Poetry of our Youth

 Poetry of our Youth

Poetry of our Youth

זָכַ֤רְתִּי לָךְ֙ חֶ֣סֶד נְעוּרַ֔יִךְ אַהֲבַ֖ת כְּלוּלֹתָ֑יִךְ לֶכְתֵּ֤ךְ אַֽחֲרַי֙ בַּמִּדְבָּ֔ר בְּאֶ֖רֶץ לֹ֥א זְרוּעָֽה

I remember the devotion of your youth, how as a bride you loved Me and followed Me through the wilderness, in a land not sown.

Jeremiah 2:2

Costumed Carpool

This morning, I drove a bride, Hermione Granger, and “Art Project Gone Wrong” to school.

Purim is around the corner!

When I was single and living in Israel in my early twenties, I experienced Purim as a rollercoaster of unpredictable spiritual highs (and sometimes lows).

Nowadays, as a wife and mother in Orlando, Florida, Purim is mainly about making sure the kids are happy and not too pumped up on sugar while rushing to fit in the various mitzvot of the day.

Sure, I try to take a few moments throughout to tap into the deeper essence of the day, but in general my attention and energy are spent more on the practical plane.

Seeing my own little Hermione reminded me of an essay I had written in 2007 describing various Purims I had experienced up to that point. One was from my life as a seminary girl in Jerusalem, when I met my teacher “walking her four Harry Potters down the road.”

Back then, the thought of having my own children to dress up was an uncertain dream – and now it felt like I had come full circle.

I arrived home with the urge to revisit that piece of writing. I headed to the storage room and pulled out the big grey crate containing all my folders and notes from the Israel years.

It didn’t take long to find the essay. But, as I flicked through the pages, I realised it’s not always easy to return to something I’d written from what was honestly a time in my life of much uncertainty and loneliness.

In Process

I’m not sure if I knew it back then, but I was using writing as a way to heal and process some big changes I had been going through: becoming religious, moving to Israel, and jumping into adulthood.

I had just made Aliyah and left my life in England behind, but didn’t really know what I was doing or where I was going.

The Israeli college program I had tried hadn’t worked out so I was taking an Ulpan class and holding down an afternoon job – floundering, basically, and trying to discover my next steps.

Above all, I wanted to get married, but that was still a number of years away.

Growing Pains

The choice to stay in Israel was one that I had made with my whole being – but there’s a difference between the moment of making the choice and living with its reality.

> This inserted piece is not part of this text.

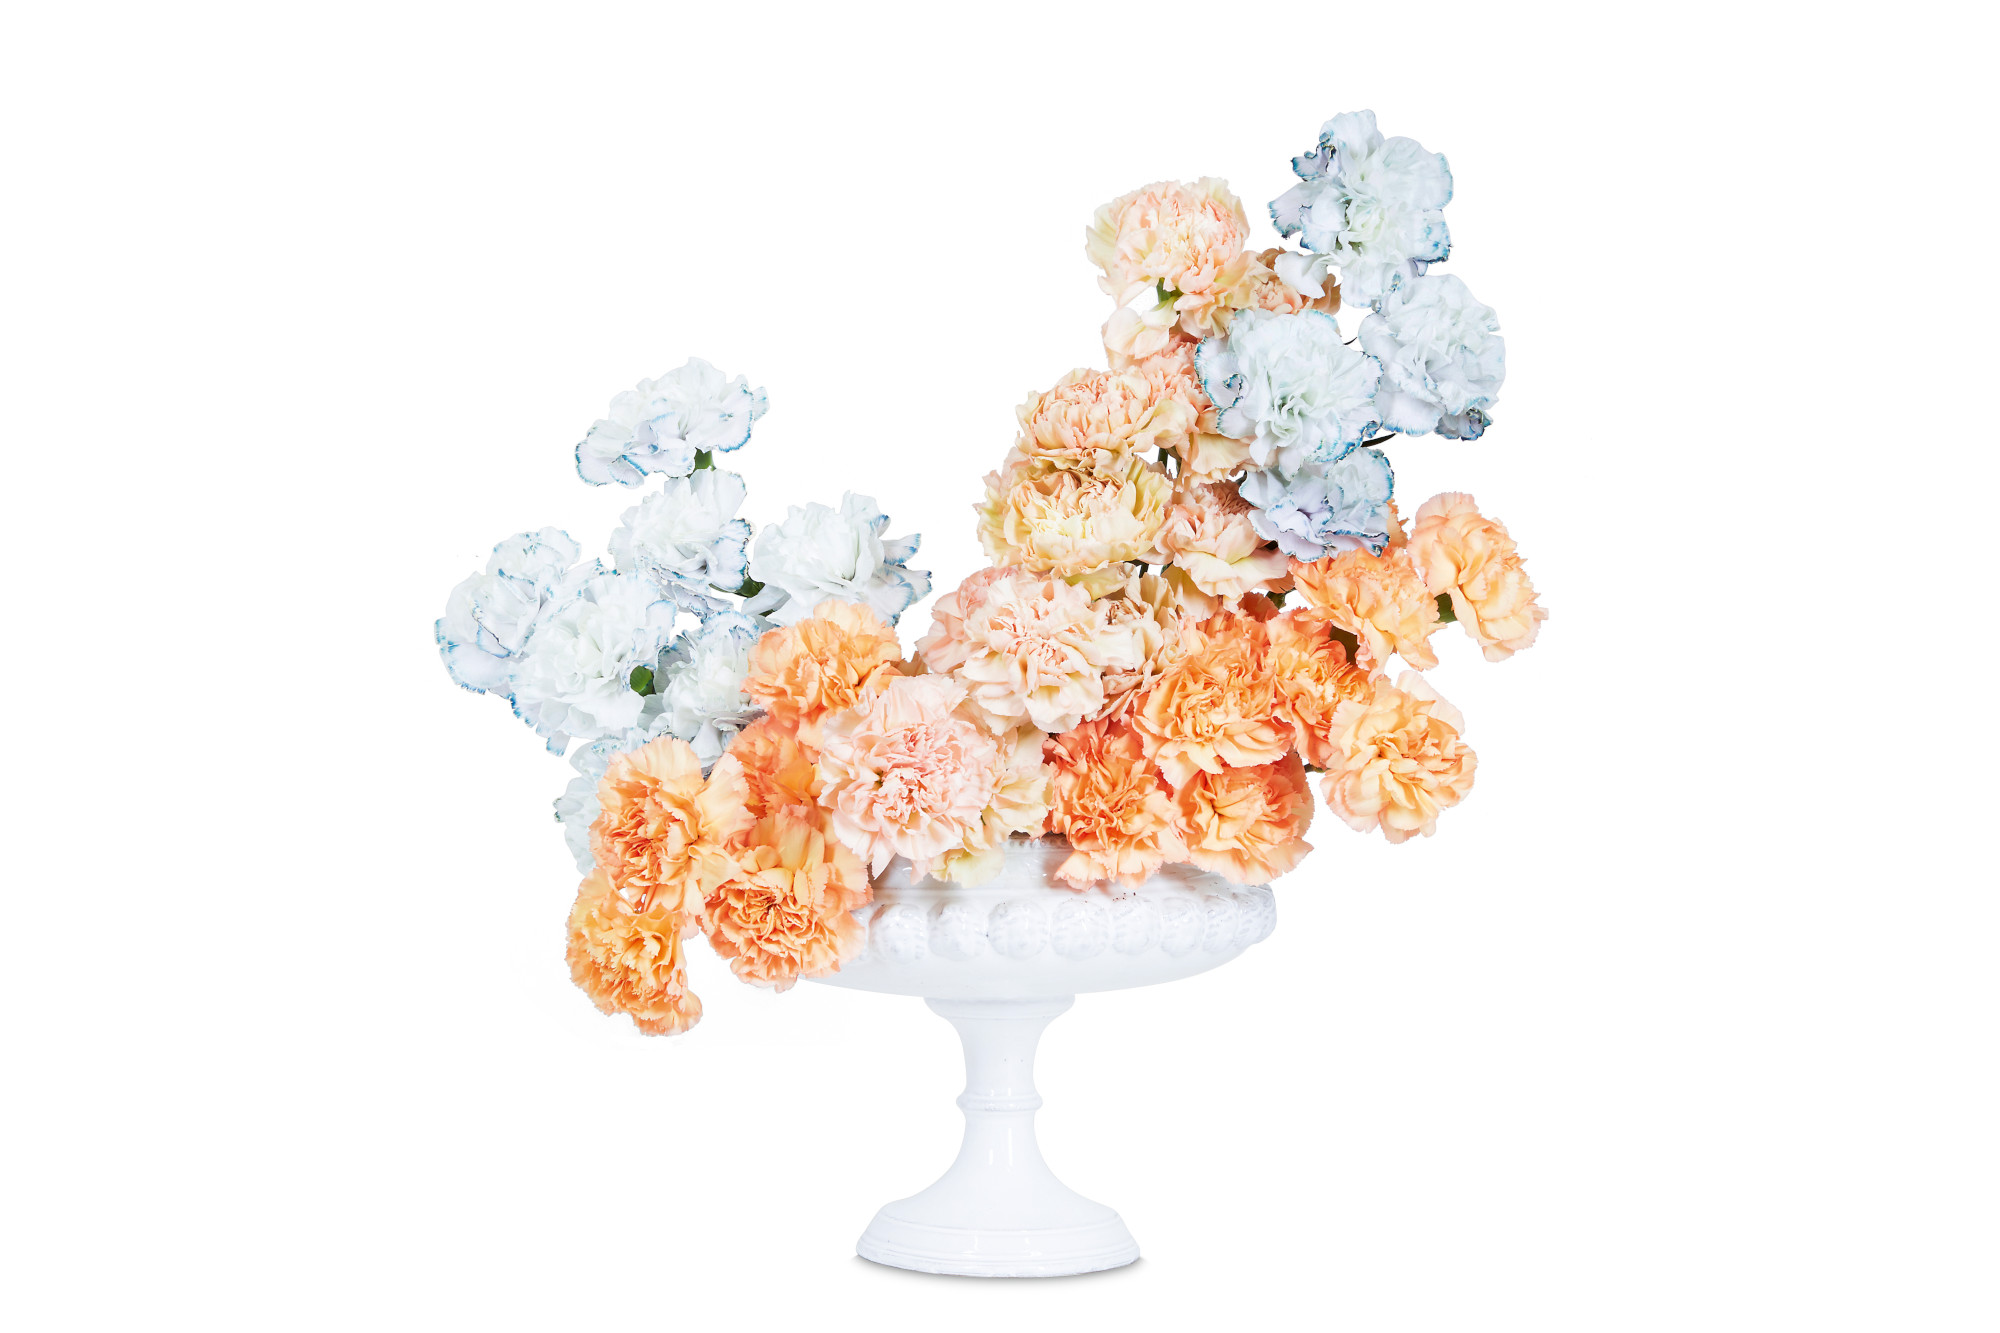 A complementary Peach and pale blue Carnation arrangement from Flower Color Theory. 'When creating a composition with only one type of flower, focus on color variation and the desired shape of the arrangement,' Darroch and Michael Putnam advise.

I still hadn’t found my way, and felt an extraordinary pressure to prove to myself and others that I had indeed made the correct decision and was on the right path.

I remember the deeply spiritual and growth-oriented outlook I had back then and how I worked so hard to stay cheerful and positive while trying to find my way through a thick dark cloud that I only truly saw after I had left it behind.

We must learn to view our prophetic texts as poetry from our youth. We have changed and our connection to reality has changed. But this does not invalidate the insights we had at a time when we were more intimately attached to reality and being.

Jeremy Kagan, The Jewish Self.

I was reading the above book during this time of change and it had a profound impact on me, shaping my understanding of spiritual consciousness to this day.

I fell in love with that phrase, “poetry from our youth”. The author was using it as a metaphor for how to approach Torah texts that seem inaccessible to our lived experience, but beyond that, I was struck by the image itself. It was something I’d never considered before.

The idea that rather than disregard a previous version of myself as too young, eager, and inexperienced to know anything real about life – perhaps she did know something, and knew it more deeply, than what I presently remember.

A Voice from the Past

When I go back to my essay, this “poetry of my youth” – itself a collection of rememberings – I’m confronted with the intensity of that bittersweet time.

I blush as I recall the way I used to pray, the natural openness and trust I had when talking to God.

Why be embarrassed? I hear my 21-year-old self gently chide.

Perhaps she’s wondering what happened to me, why I might seem dulled compared to her hopeful, striving ways.

After all, isn’t this the most real thing you have?